#### [Your instructions]
Your answer should hold exactly the lines from the one with "The brass frame" through the final line of the data below, reproduced as written.

#### [Information supplied]

--------------------------------------------------

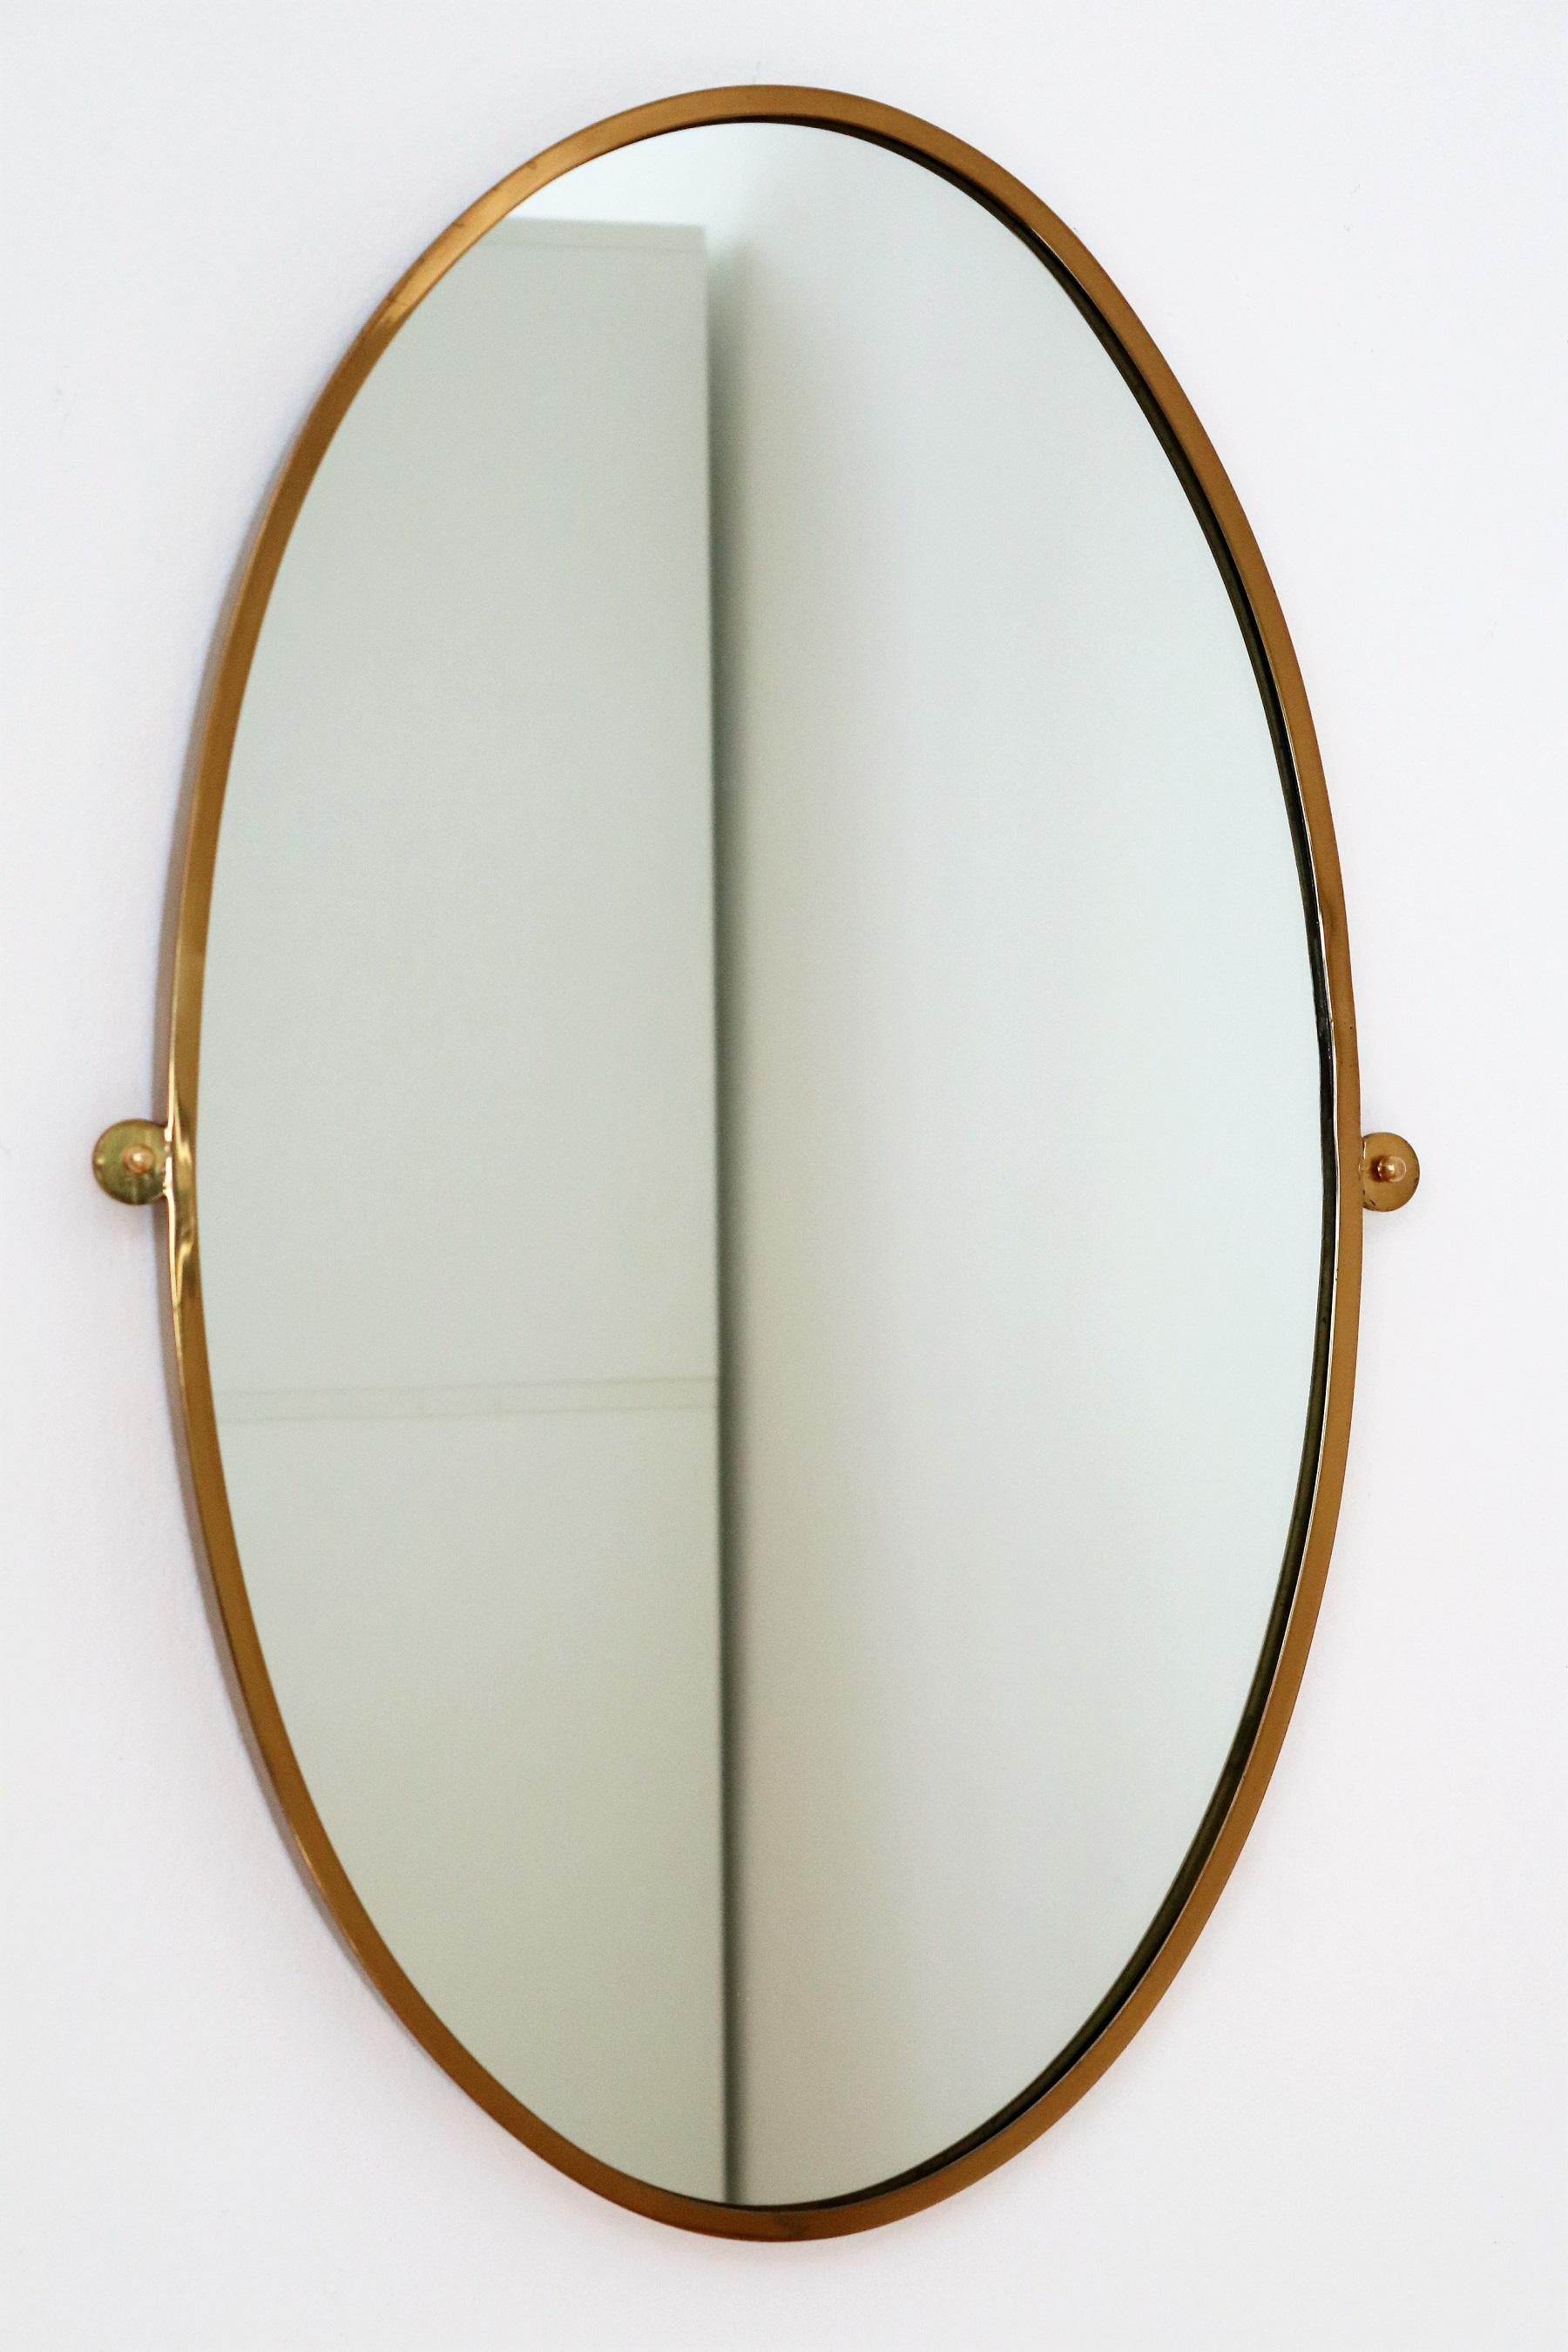 Beautiful Italian mid-century wall mirror with original brass frame with playful details at both sides, also made of brass.
The brass frame is shiny, of thick brass and very elegant. Excellent craftsmanship.
Made in Italy in the 1970s.
The wall

--------------------------------------------------

#### [Result]
The brass frame is shiny, of thick brass and very elegant. Excellent craftsmanship.
Made in Italy in the 1970s.
The wall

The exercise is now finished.